Actually, if we voted after 2-3 months of campaigning, maybe we'd have a more legitimate ballot and winner. All the money in the world hasn't provided us a good system. In fact, money IS the culprit, and CITIZENS UNITED, is the Supreme Court's idea of how to "run/ruin" the system. And, I thought they were an educated group. Instead of being level-headed, we learn that they are at least as biased as the president who put them on that board. Oh no, once again, politics wins over intelligence. No wonder, we get what we deserve.
Glen (Texas)
Frank, political polls have only a fraction of the value Vice President Jack Garner assigned to a bucket (or pitcher, depending on which version you read) of a warm bodily fluid, generally rendered as "spit." But the polls are out on whether that was actually the referenced substance.

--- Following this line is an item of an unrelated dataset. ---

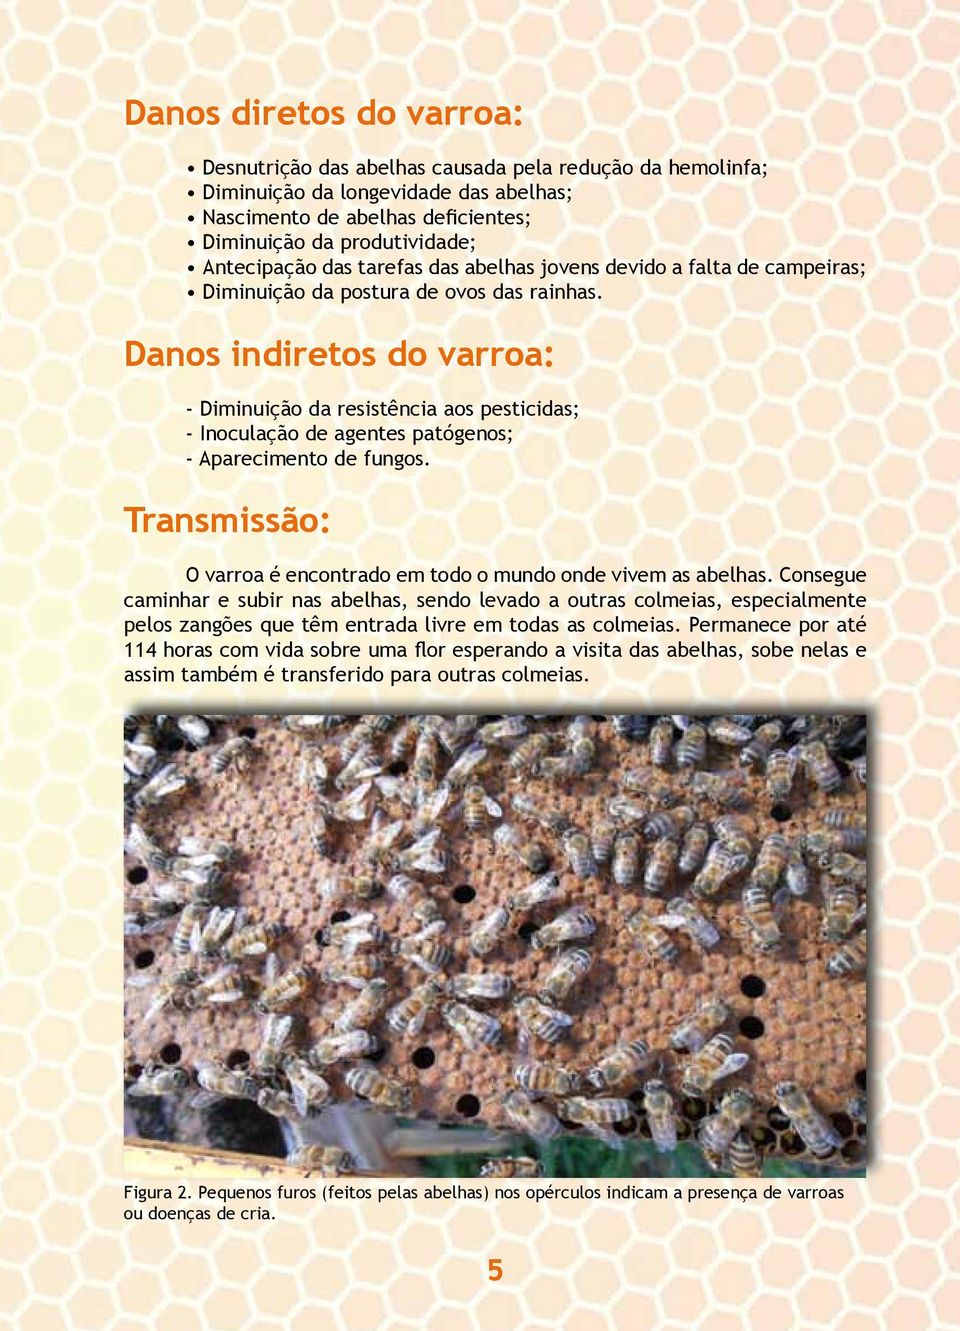 Danos indiretos do varroa: - Diminuição da resistência aos pesticidas; - Inoculação de agentes patógenos; - Aparecimento de fungos.

Check with me tomorrow for the most recent update.
jzu (Cincinnati, OH)
Yes Frank, it is insane. Journalism is at a crossroads and if the approach of reporting news does not change it will become entertainment; unhinged form truth and objectivity. It is not only reports on polling. Stories often start by giving unknown individuals on the street a megaphone to convey their emotions; the anger about Government failure to clear snow; anxiety about a terror attack; the ask for revenge through death penalty in a crime case and so on. Media gives a distorted impression of reality by carefully choosing the interviewed "person of the street".
I for myself have abandoned all TV watching 5 years ago. I read the NYT and the Washington Post. Frankly though even the NYT and WP come at times intolerable close to "heavily selective" reporting. I must applaud the Upshot feature in the NYT which I think is an excellent new way to capture reality.
bill b (new york)
polls are a substitute for thought. three polls showed Clinton up in Iowa.
One the CNN/ORC poll did not, guess which won was trumpeted.
the other three were ignored.
The MSM has Clinton Derangement Syndrome
Word
Retired Gardener (East Greenville, PA)
The only poll that counts is the one where one actually shows up to vote and 'pulls a lever'. And based on recent election turn out percentages, less than 50% actually bother.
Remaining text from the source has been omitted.